The key to success in ML is curating the right dataset for the task at hand, but this becomes quite complicated when trying to capture general and transferable behavior in chemical systems. The ANI training datasets were created using active learning, where structures with high ensemble uncertainty molecular energy predictions were set aside for additional conformational sampling, expanding the size of the dataset. This approach works well for small organic molecules, but as we increase the number of supported atom types (C,H,N,O for ANI-1x, C,H,N,O,S,F,Cl for 2x) the amount of data needed to capture possible interactions also increases. The work presented here is an approach to sampling at the atom level via the uncertainty in predicted atomic forces, rather than the global property of molecular energy, in an effort to sample chemical space surrounding problematic local atomic environments more efficiently. An automated workflow is in development for this advanced sampling approach, though results are promising.
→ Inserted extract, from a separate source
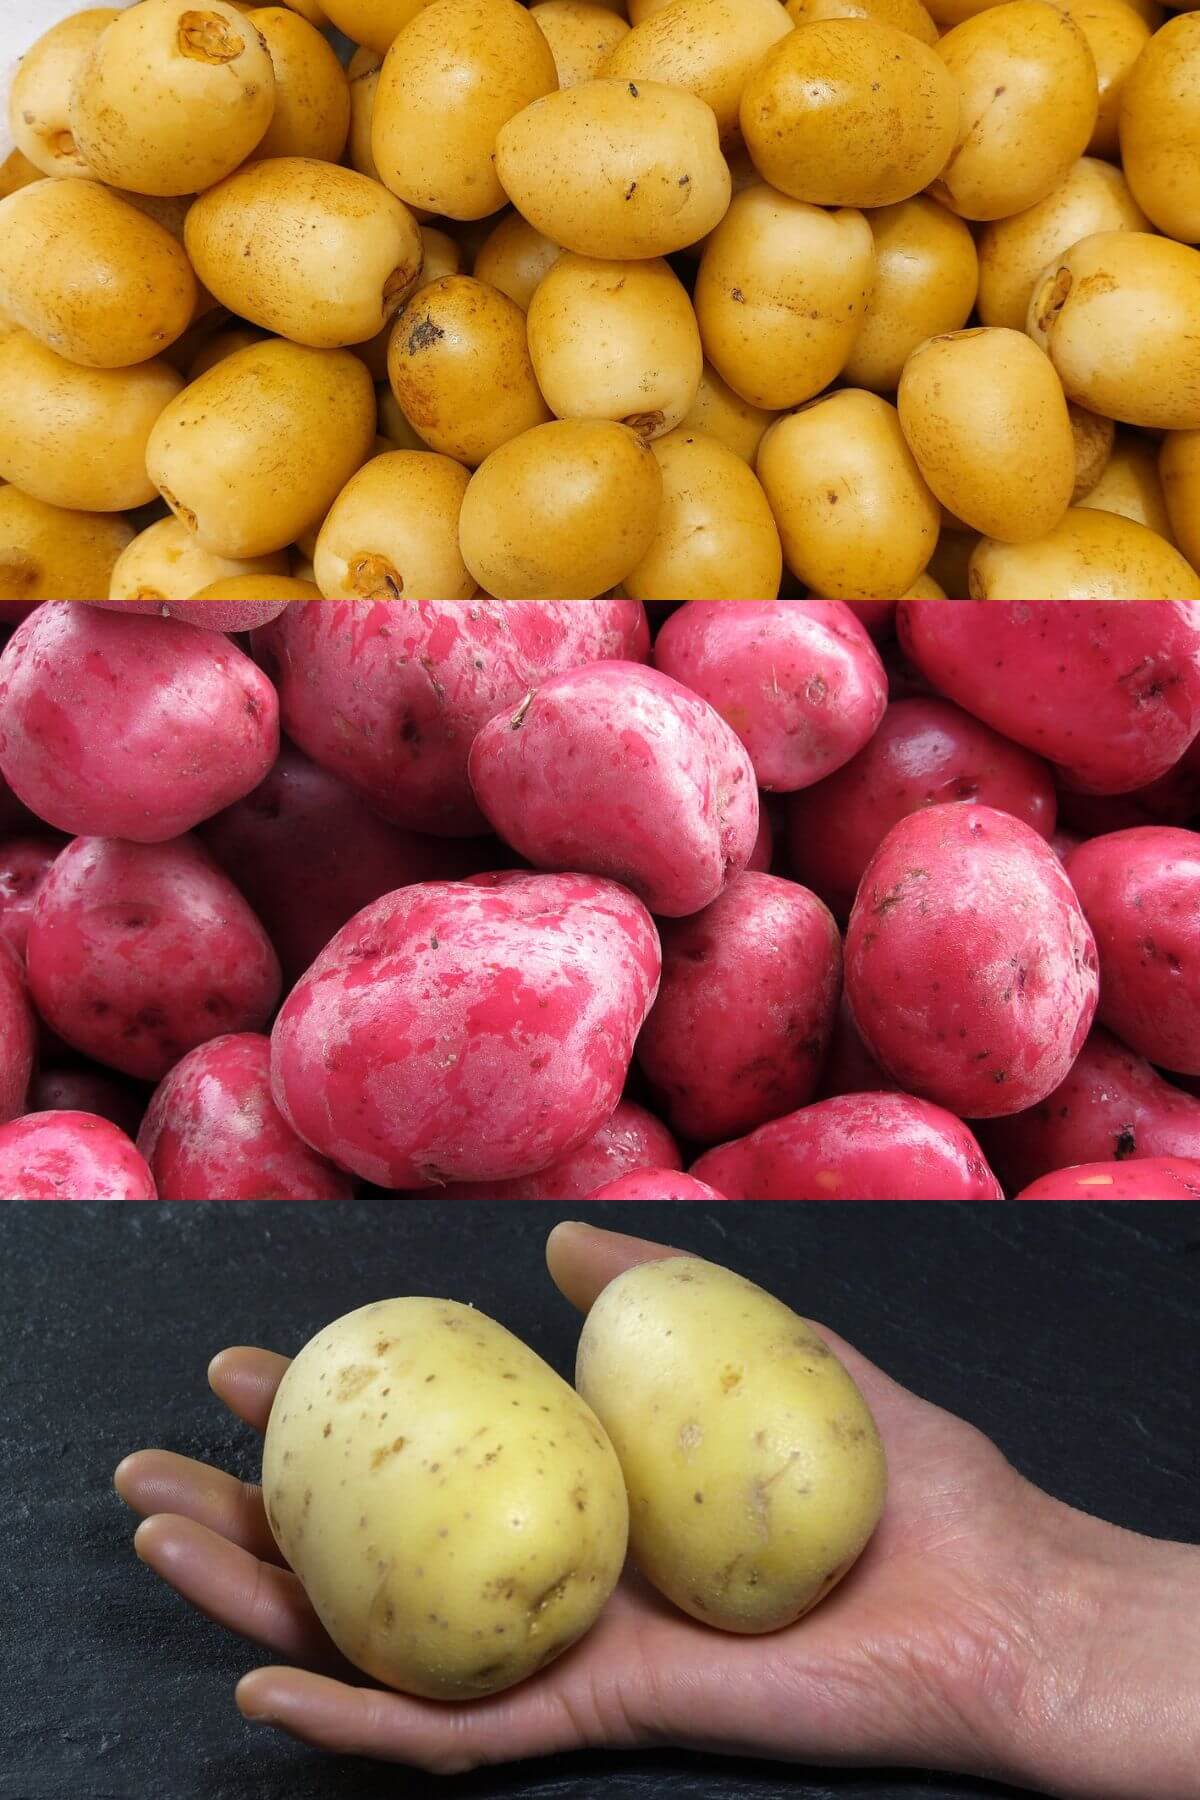 Different varieties and sizes of potatoes.

A strong correlation has been found between molecules with a high ensemble uncertainty in molecular energy prediction and high uncertainty in predicted atomic forces. As molecular energy predictions are determined as the sum of individual atomic contributions (a non-physical value determined by the individual atomic neural networks), this measure is proposed as an indicator for poor ensemble understanding of atomic interactions, leading to a high uncertainty prediction of the molecular energy. By focusing on high-uncertainty atomic force predictions, we can narrow the scope of conformational sampling from generating new conformations of entire molecules indiscriminately based on normal modes to sampling the conformational space around high-uncertainty atomic force predictions.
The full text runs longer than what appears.